What is an Eating Disorder?
Learn how HPA/LiveWell successfully treats eating disorders.
Eating disorders include a range of conditions, which are typically characterized by unhealthy and even life-threatening obsessions and fears related to food, physical appearance and weight. Often developed as a mechanism for coping and gaining control, eating disorders are characterized by extreme disturbances in eating behavior.
While specifics of acute eating disorders vary, they share one common element: the sufferer has reached a point at which he or she can no longer control the behavior related to the disorder.
If you or a loved one has an eating disorder, our LiveWell program may be the answer for you.
Located in Albany, New York, HPA/LiveWell uses the most current therapeutic approaches – and results-oriented techniques – to treat eating disorders. Each treatment is as individual as each patient.
Through our LiveWell program, we treat women, men, and adolescents suffering from eating disorders. Our LiveWell program provides individual, family and group therapy, as well as nutritional counselling and intensive outpatient treatment.
Here are 3 key reasons why our LiveWell program for eating disorders might be the right fit for you:
- Our highly trained and highly skilled staff members include recognized researchers in the field – and we are results-oriented.
- We believe in treating patients with eating disorders where they live. Our outpatient program enables you to live at home, stay involved in your work or school, maintain your routine and maintain relationships that are vital to your successful treatment.
- Our office has a warm, welcoming atmosphere that many of our patients come to think of as their “safe place.”
We treat patients with these eating disorders:
What are the common causes of eating disorders?
In addition to asking “what is an eating disorder?” it’s important to know what causes an eating disorder. While no one can pinpoint causes definitively, there is a complex range of factors that may lead to eating disorders. Some of these factors include:
- Genetics – The fact that people with family members with an eating disorder are more likely to develop an eating disorder suggests there may be a genetic link.
- Emotional health – Emotional problems such as low self-esteem, impulsive behavior and problematic relationships may contribute to eating disorders.
- Societal pressures – Our contemporary Western ideal of success and self-worth is often equated with being thin. The media and peer pressure perpetuate this ideal.
Certain situations and events might increase the risk of developing an eating disorder. These risk factors may include:
- Gender – Teenage girls and young women are more at risk of developing an eating disorder than boys or men.
- Other disorders – Mental illnesses such as anxiety disorder, depression and obsessive-compulsive disorder increase the risk of an eating disorder.

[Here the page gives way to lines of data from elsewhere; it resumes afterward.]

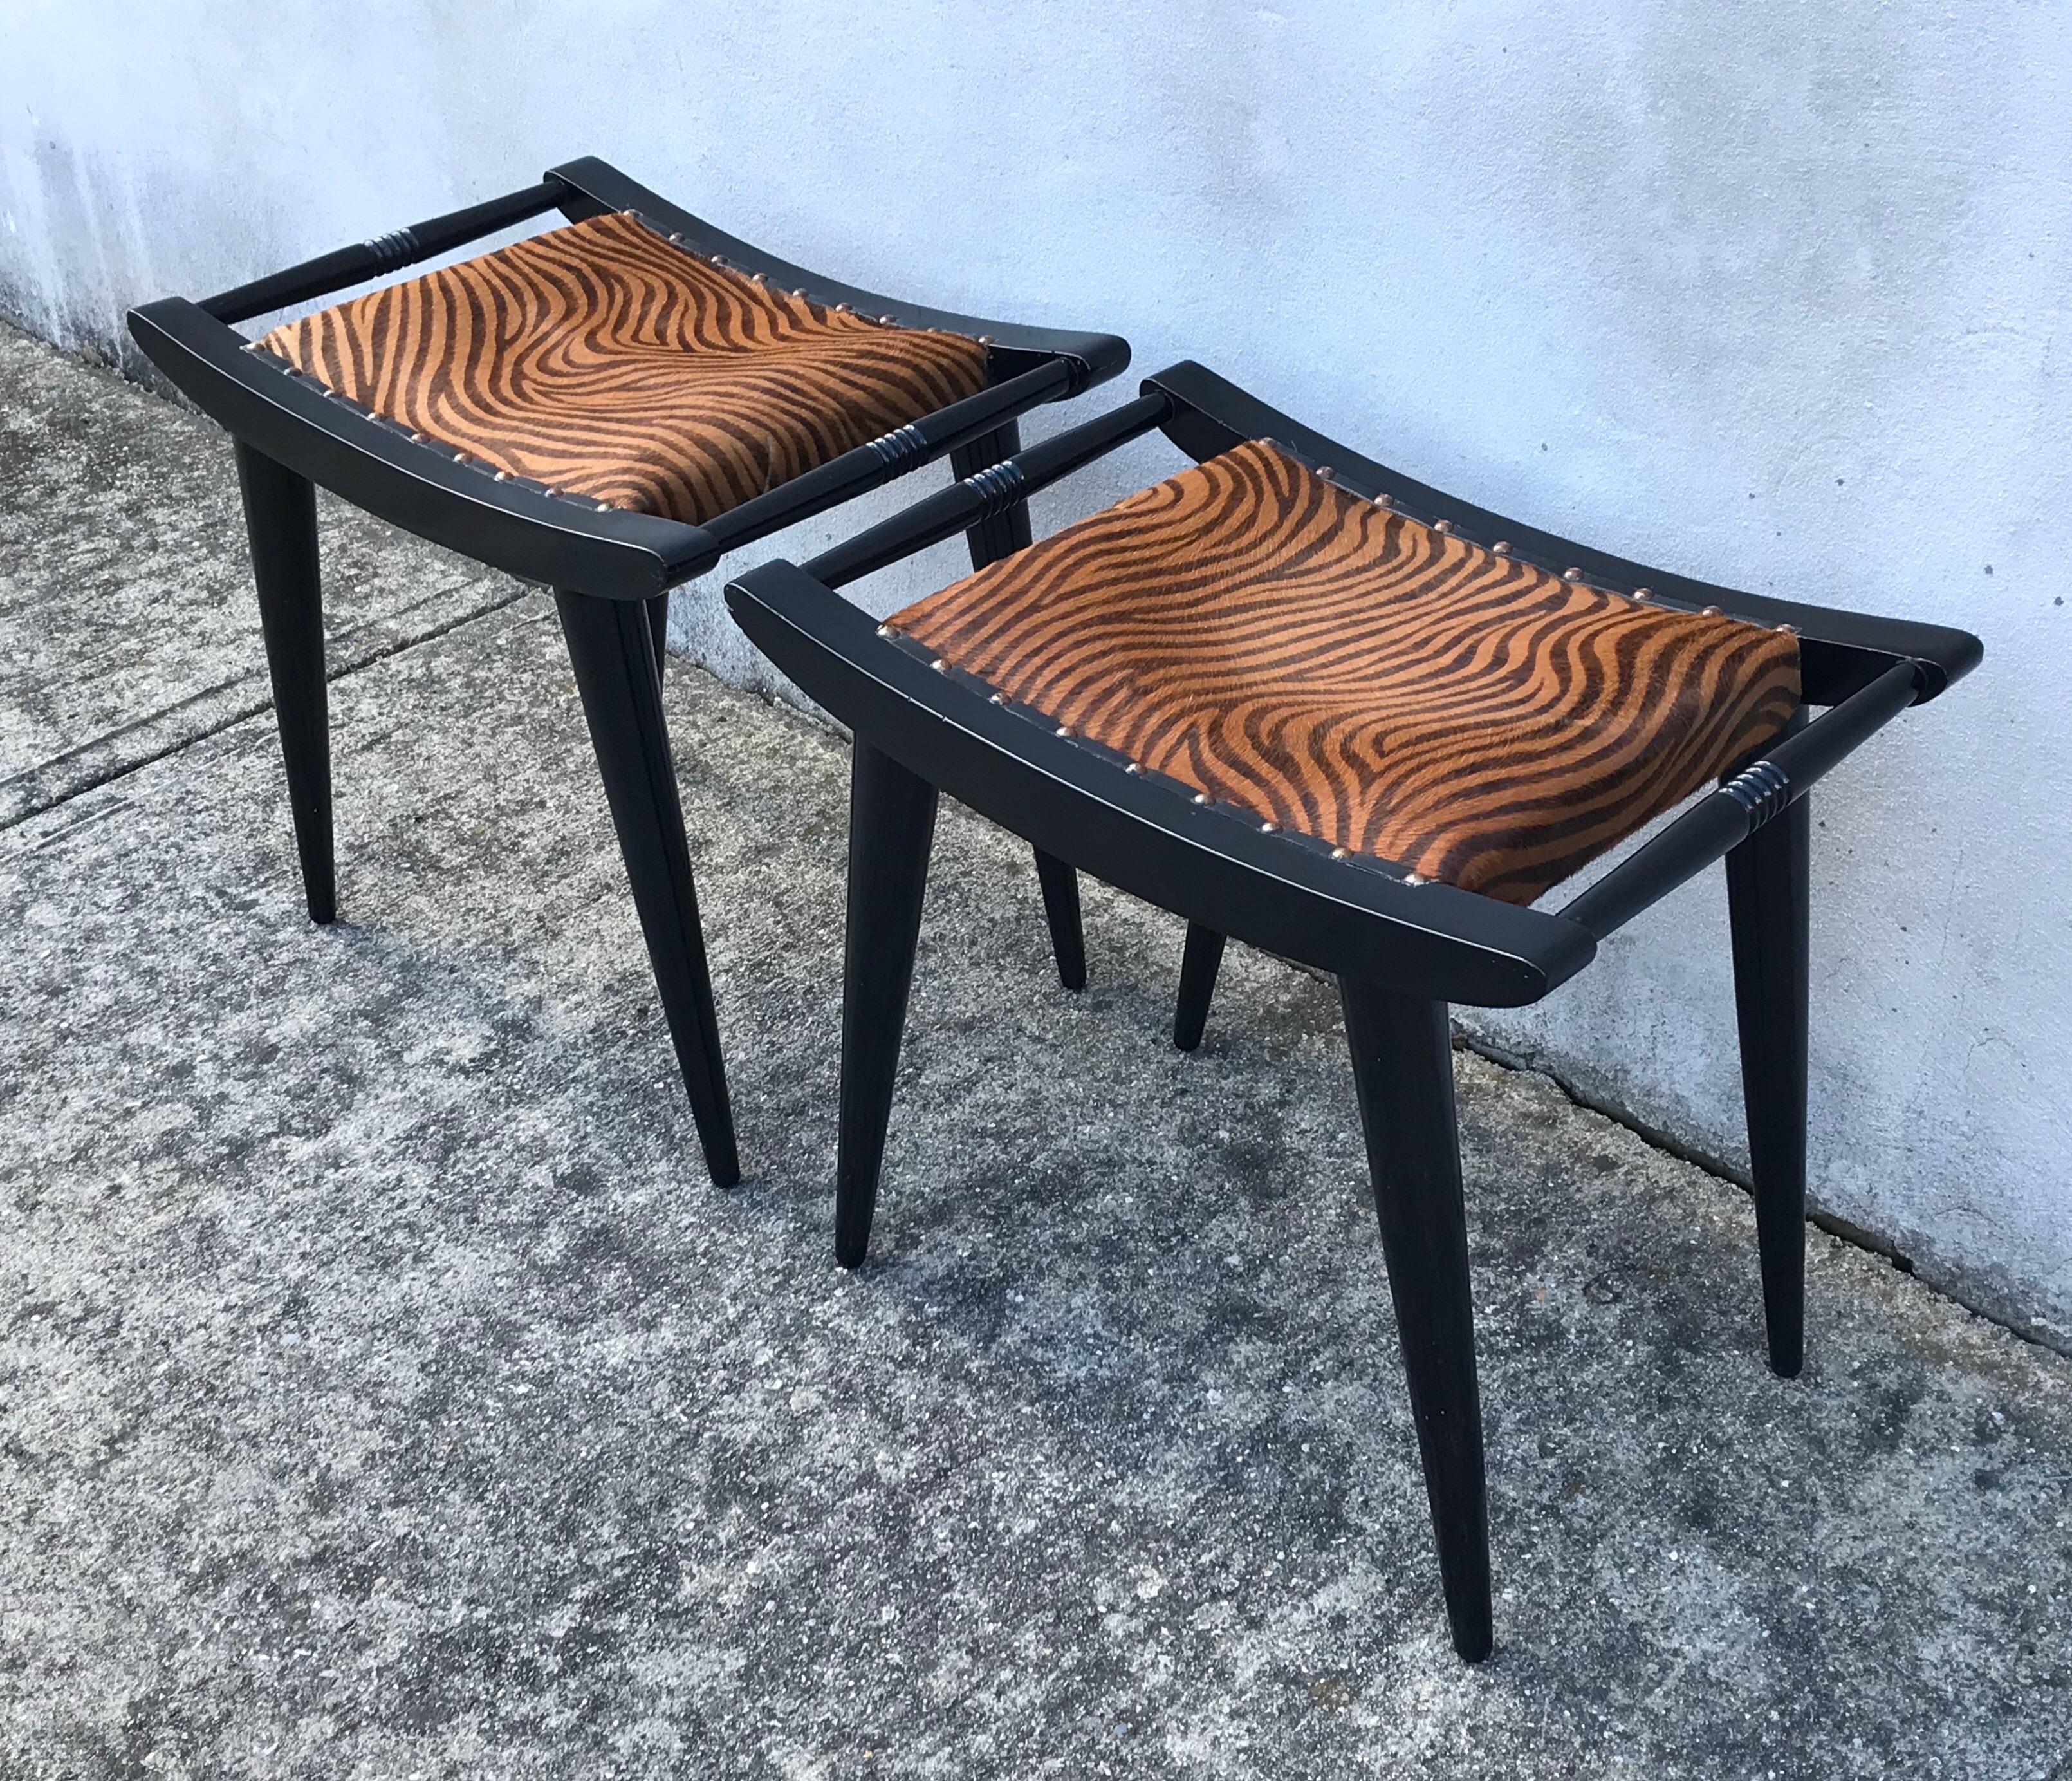 American Pair of Art Deco Black Lacquered Zebra Printed Calf Hair Side Stools, 1930's For Sale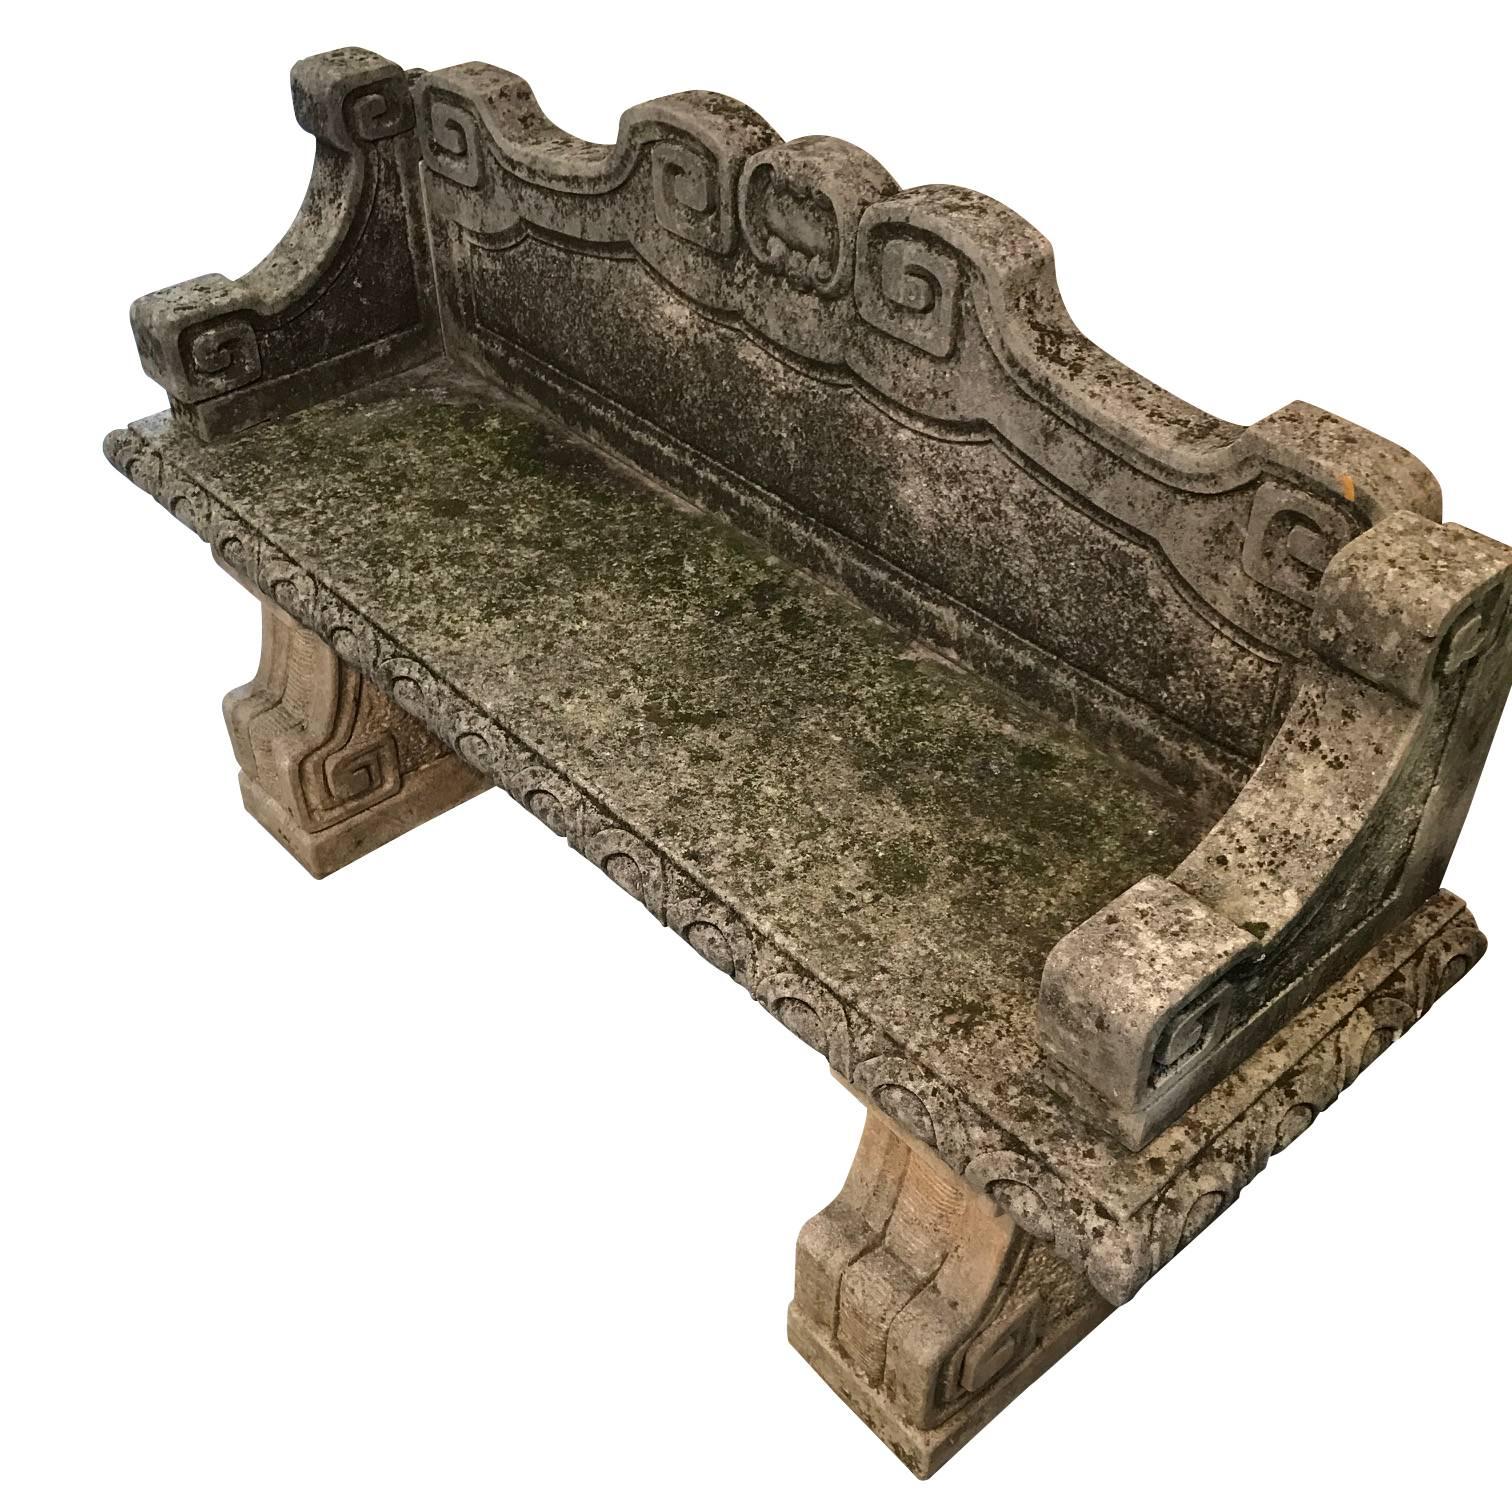 1920s Italian hand-carved Vicenza stone bench with classic design details.
Traditional decorative details along back and sides.
Moss and spores embedded in stone give naturally aged patina.
Originally from a large garden in a villa outside of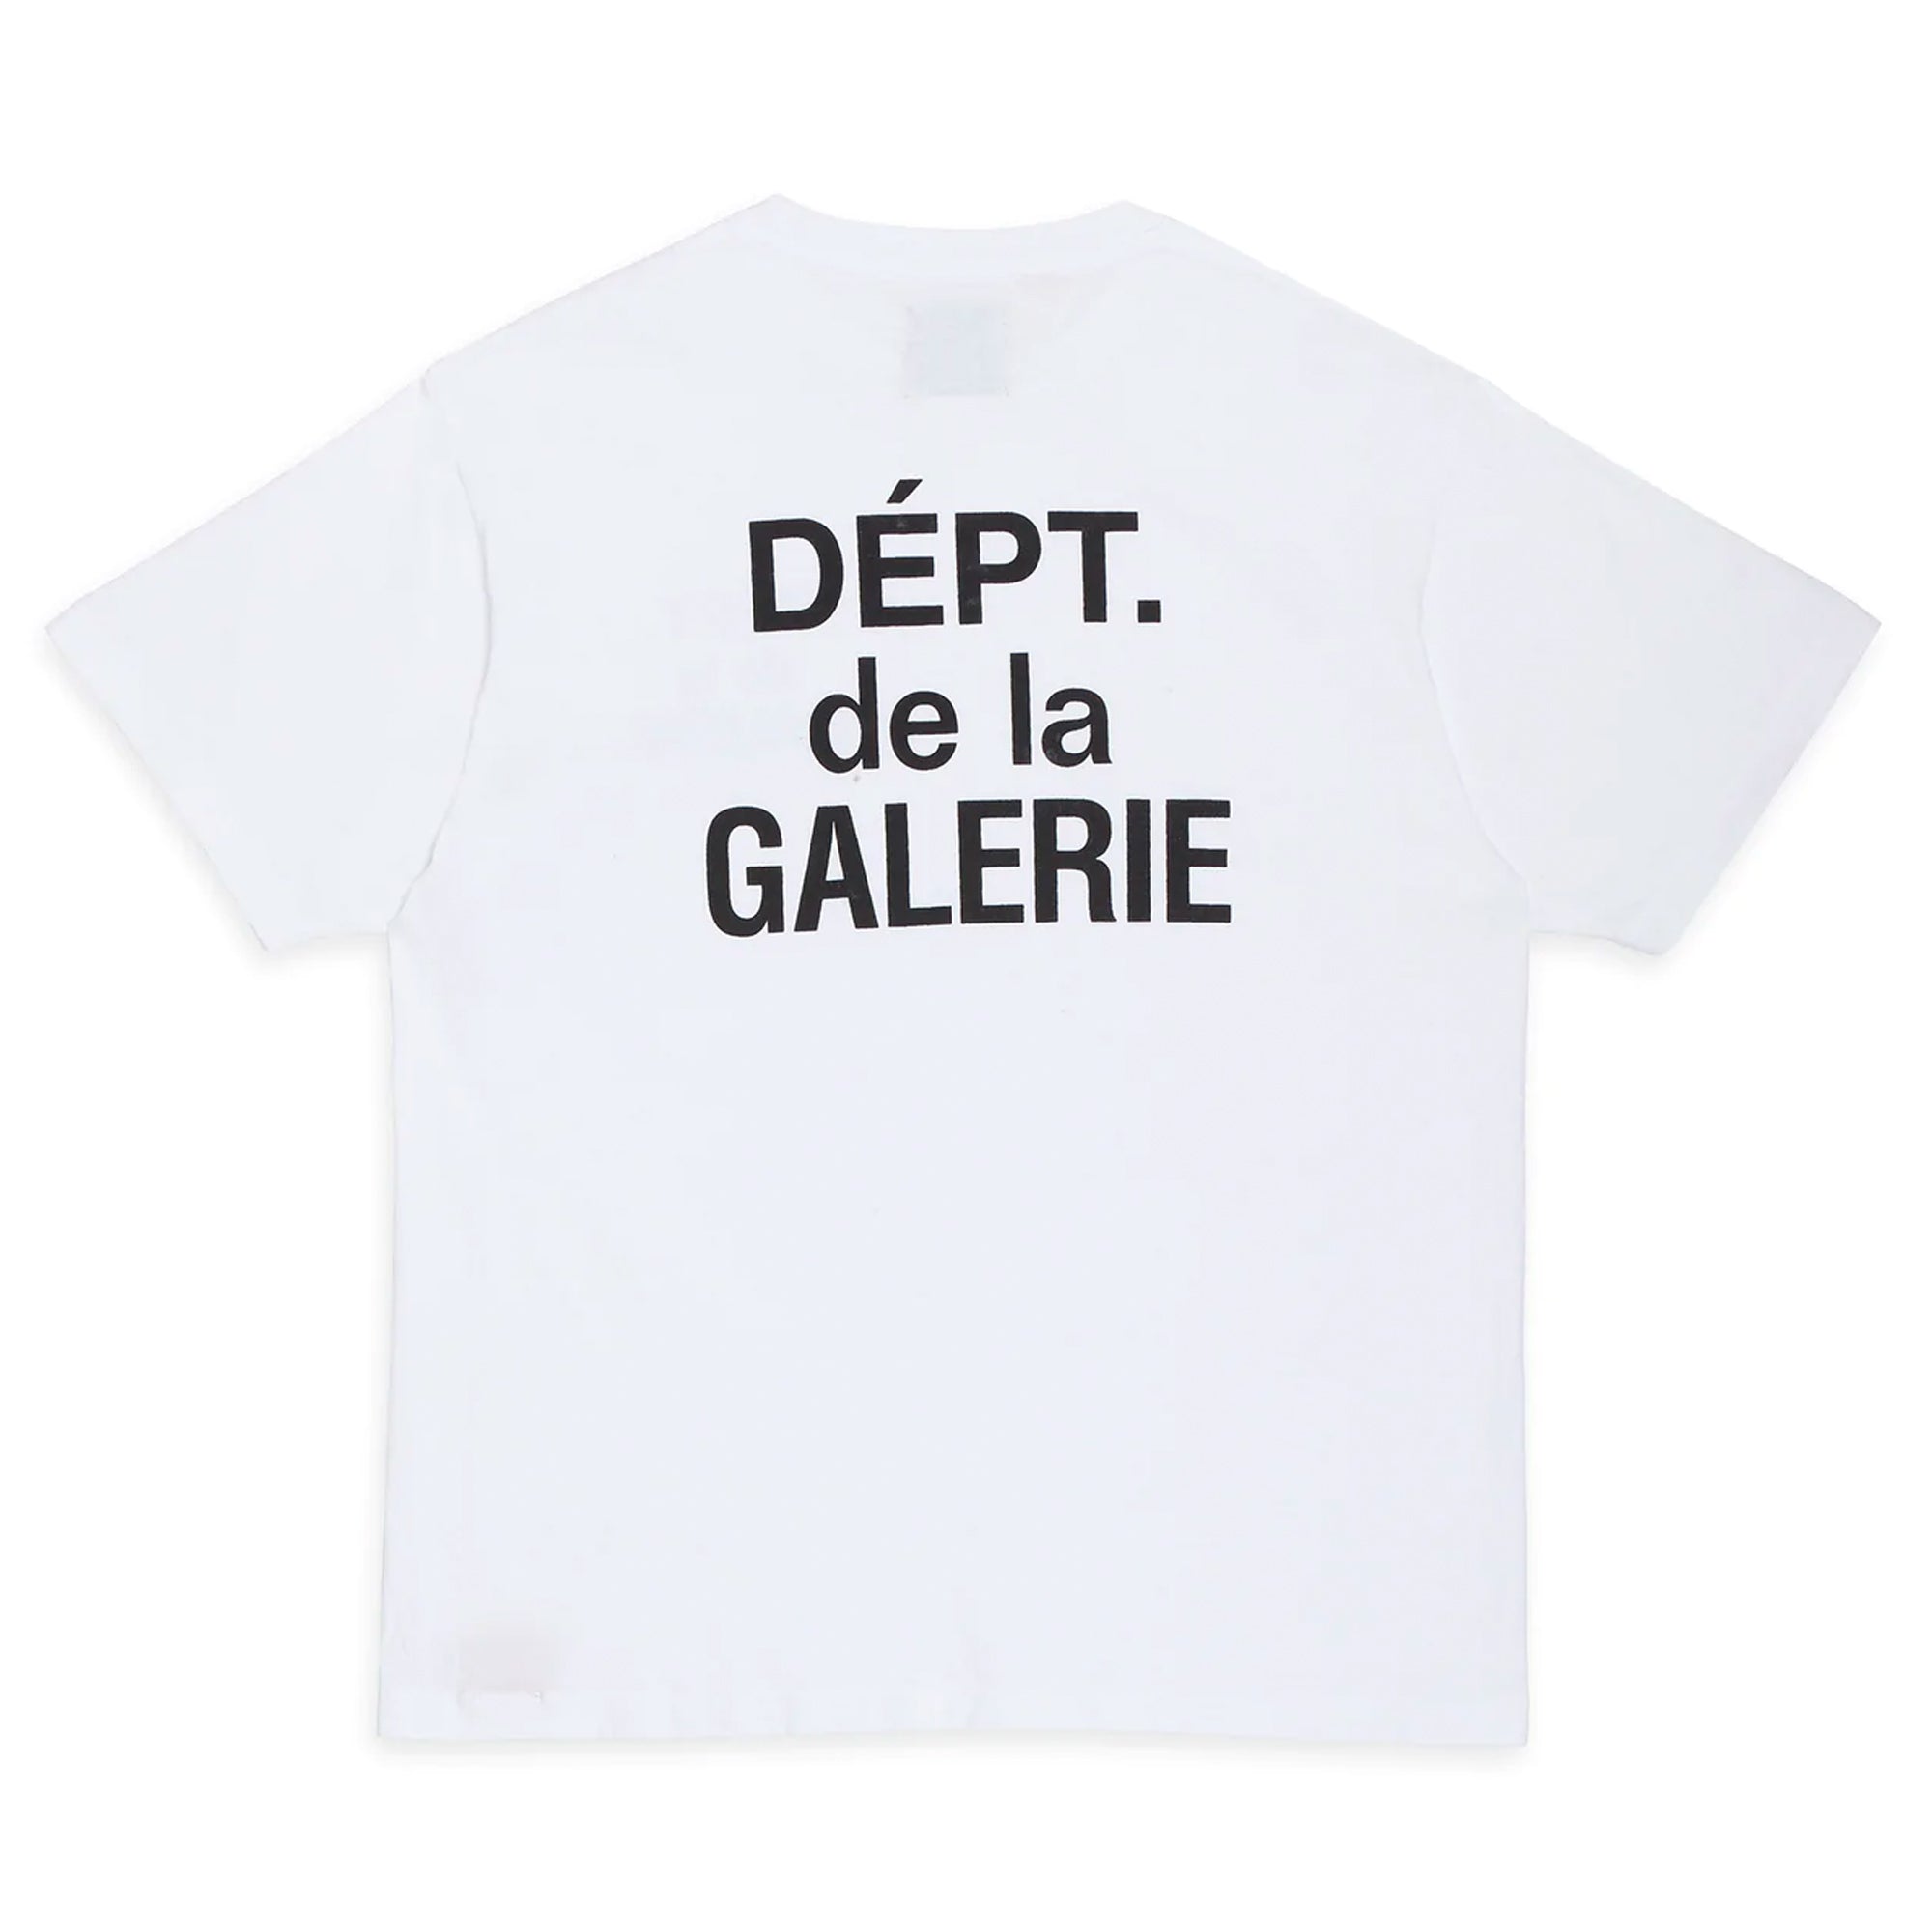 Gallery Dept. French Tee White-PLUS

- Dieting – People who are concerned about their weight and appearance may be at a higher risk.
How do you recognize signs and symptoms of an eating disorder?
To further understand the question, “what is an eating disorder,” our patients (and their family members) often need clarification on the signs and symptoms. An eating disorder is characterized by disrupted eating behaviors that may include:
- Eating too much
- Eating too little
- Obsession with exercise
- Obsession with food and weight
- Concerns about body image
According to the National Association of Anorexia Nervosa and Associated Disorders, eating disorders affect approximately 1 in 5 people in the U.S., including people of all ages and genders. Eating disorders can devastate physical and mental health, disrupt personal relationships and, when they occur at a young age, they can impair growth and development. If eating disorders go untreated, they can cause fatal medical complications.
How do we treat eating disorders?
People who suffer from eating disorders need treatment. Surprisingly, eating disorders have the highest mortality rate of all mental illnesses. This disease is more dangerous than major depression and schizophrenia!
By the time family and friends notice adverse behaviors surrounding eating, it’s often too late to correct this disease without medical intervention. Once unhealthy routines and behaviors have been recognized, the person needs immediate professional attention.
Because eating disorders involve a complex combination of physical, mental and emotional symptoms, it’s vital that you choose a treatment program designed and run by health professionals who recognize that each patient needs an individualized intervention that will address all these needs.
At HPA/LiveWell, we provide the knowledge, tools and support to manage your eating disorder and get results.
If you’re asking “what is an eating disorder?” please know that our LiveWell program uses the most current therapeutic techniques to treat eating disorders. Each treatment is as individual as each patient.